I was unsure about whether to post this question here or on the tortoise enclosure section, but I have a feeling there may not end up being a one right answer. 

When it comes to providing heat for reptiles and tortoises more specifically you basically have 4 "in tank" heat sources. 


1. Your incandescent bulbs and mercury vapor bulbs.

2. Ceramic heat emitters 

3. Radiant heat pannels 

4. Under the tank heating in the form of a heat mat or heat tape
(This is provided that a pulse proportional thermostat is being used to control the device to the correct level if needed.)

I have seen all 4 of these used in tortoise keeping and my question is which of these methods dries out the air least? Or the most?


----------



## JoesMum (May 18, 2016)

I think you're missing the point a bit

1. Basking Lamp/MVB - These are required by day for your tort to bask. A tort must bask in order to raise its core temperature. The core temperature must rise for it to be able to digest food and be active. A basking lamp is on for 12-14 hours and does not get used with a thermostat. Temperature directly under the lamp is regulated by controlling its height above the substrate.

2. Ceramic Heat Emitters are not generally used by day as they emit no light. they are supplementary heaters for raising temperature and are usually used at night. They are put on a thermostat to regulate the temperature.

3. Radiant heat panels get used to raise the ambient temperatiure of a room. Apart from the biggest tortoises, they are not used within an enclosure.

4. Day to day a mat isn't recommended as torts like to dig down into the substrate. They can't dig through a mat and if they do there could be a problem!

I cannot answer about drying out the air. 

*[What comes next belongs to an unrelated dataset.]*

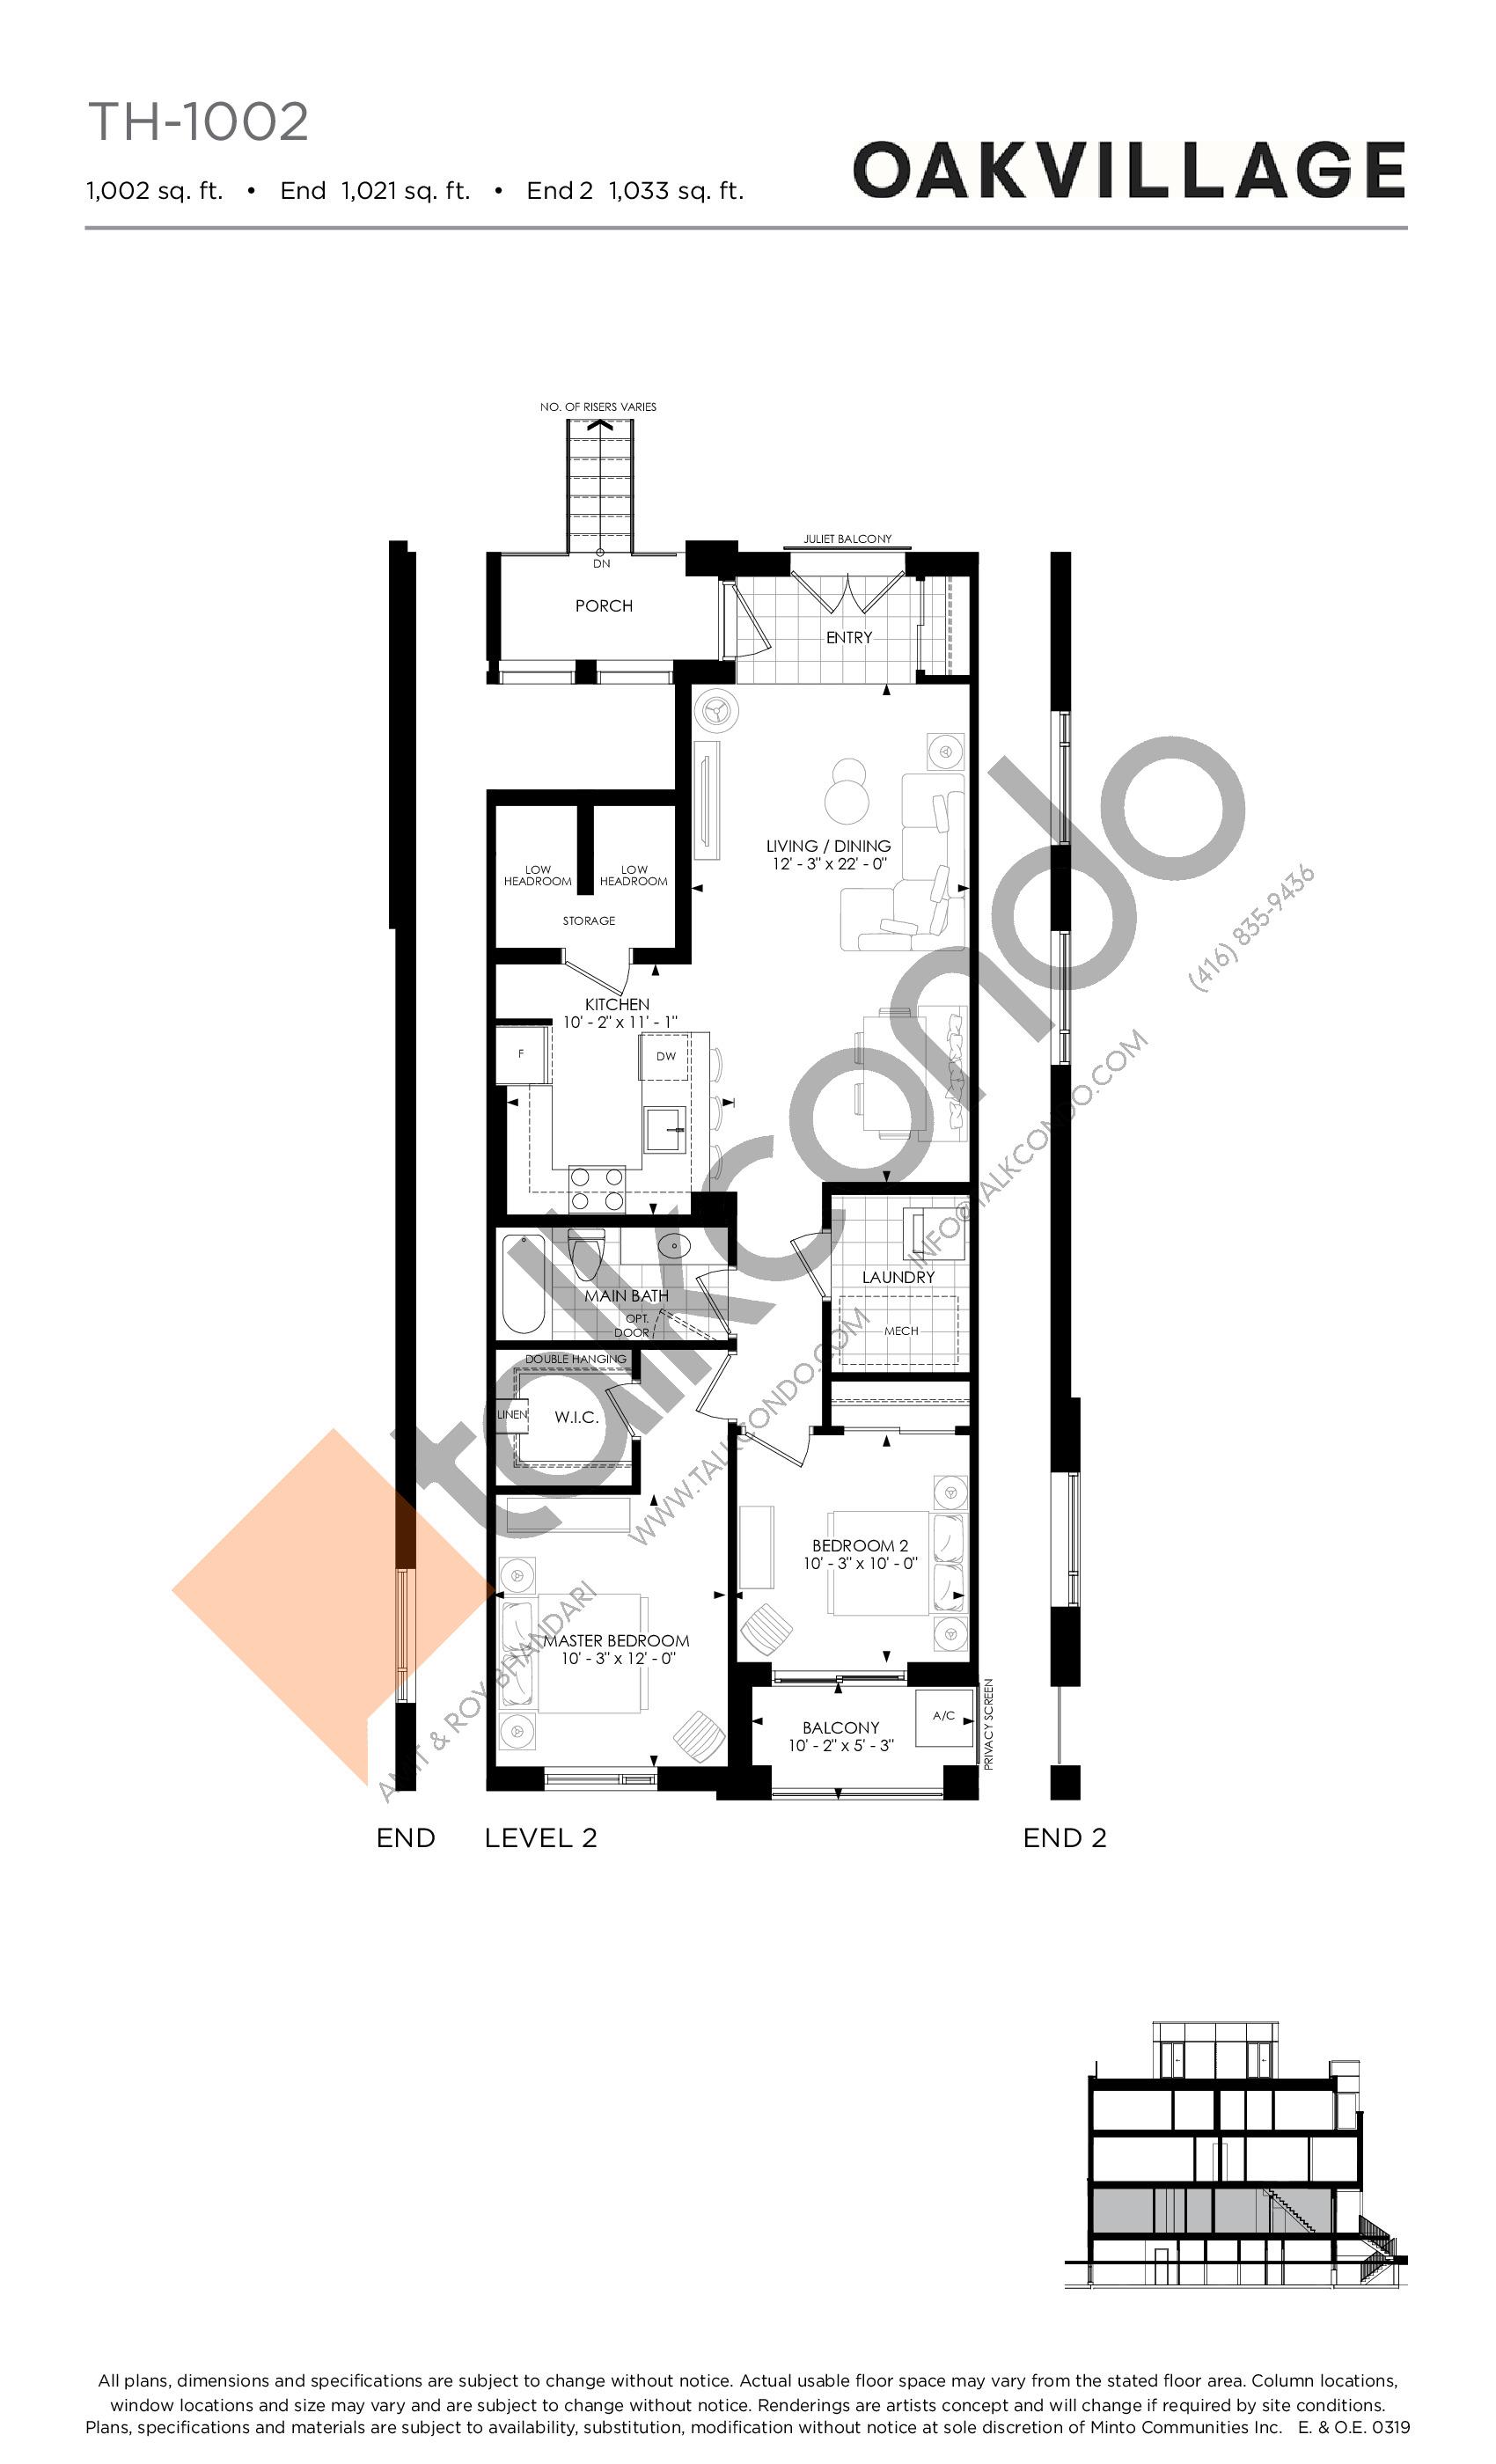 TH-1002 Floor Plan at Minto Oakvillage Condos 1 - 1002 sq.ft

To raise the humidity, you need to close in your setup either partially or fully to reduce evaporation and dump water in the substrate so that it is moist. You then make sure that the temperatures are correct in the enclosure by measuring them accurately with a temperature gun thermometer. If it is too cold then you will have shell rot rather than a controlled humidity environment.


----------



## Alexio (May 18, 2016)

I feel like you have missed the point a bit...
You can use different heating systems in conjunction with different lighting systems. For example you could use radiant heat pannels or a ceramic heat emitter during the day to provide heat and use only uvb strip lighting with ambient strip lighting as well. 
There are also people who have large barns who use radiant heat pannels embedded in the concrete floor hooked up to a thermostat. 
It is a misconception that under the tank heating is bad for tortoises. UNREGULATED under the tank heat sources can be very dangerous. This is where you use a pile proportional thermostat to set the heat tape/mat to 80 or 90 degrees so that the mat is only warm but not hot to the touch and then run it under the enclosure. Properly regulated heat tape is just as safe or safer than tradition on off heat sources which get burning hot to the touch. A ceramic heat emitter can melt a carpet in seconds but people recommend they be used in tortoise enclosures all the time. 
You would not be using a thermostat for your basking lights, that's what I stated that you would only need to regulate certain types of heating. Perhaps I should have been more specific. 
Also you can raise the humidity or lower it in any enclosure by doing any different number of things. This post is not about trying to raise the humidity or which source is the most readily agreed upon. I am trying to find out where from a scientific standpoint in a vacuum where all other factors being equal which of these heating sources will have the more air drying effect. 
Sorry for the confusion.


----------



## Anyfoot (May 26, 2016)

If it was possible (and its not) to have a 100% insulated heat loss resistant enclosure and you wanted an ambient of let's say 90f, and you could get a heat source that only reached a maximum of 90f(RHP maybe) eventually that enclosure would reach 90f with minimal humidity drying out because none of the air reached above 90f. 
If you was to have a heat source of let's say 500f(CHE maybe) on a stat(controlled at 90f) in an Enclosure , the air immediately around that CHE would dry out more than where ever in the enclosure only ever gets to 90f max. 
If you look at Toms enclosure designs they are all heavily insulated to slow down heat loss, this means you can have a lower heat output to maintain the same ambient than if it was an uninsulated enclosure. Lower heat output from the same type of device dries the immediate air slower. For example a 200watt che will dry the immediate air 1" away from the CHE faster than a 100watt would at the same 1" distance because at that same distance it's hotter with the 200watt. 

Dont know if that helps. 

I'm off to look for some headache tablets


----------



## Yvonne G (May 26, 2016)

I use a mercury vapor bulb indoors for heat and UVB with black lights for night time.

Outside in the sheds and night houses I have a couple different heat sources and no UVB lights. For winter non-sunny days, I turn on a regular 100 watt bulb inside the shed to provide a simulated sun for them to sit under. There is also a pig blanket on the floor. For the night house that's in the greenhouse, I have a tube type fluorescent bulb for non sunny days, but the greenhouse usually warms up enough the tortoises can still leave the night house, and radiant heat panels on the walls.


----------



## Markw84 (May 26, 2016)

Daytime basking heat is also provided to stimulate basking behavior. A fluorescent UVB source alone will not do that. A heat source from above close to the UVB source is required. Most of the basking time aside from thermoregulation is for the skin to heat up in order to convert pre vitamin D to D3. This is only done in the skin. A basking tortoise that stretches out its legs and has turned the underside of its front legs to the sun is doing this. (The underside of the front legs does not have the thick scalation). A heat source from beneath cannot provide this. The MVB is the best in this regard as the heat source that will stimulate basking is also the source of UVB. Many enclosed chambers however will overheat with MVB so fluorescent becomes the choice there. Just need to have the basking heat source close to the UVB Source


----------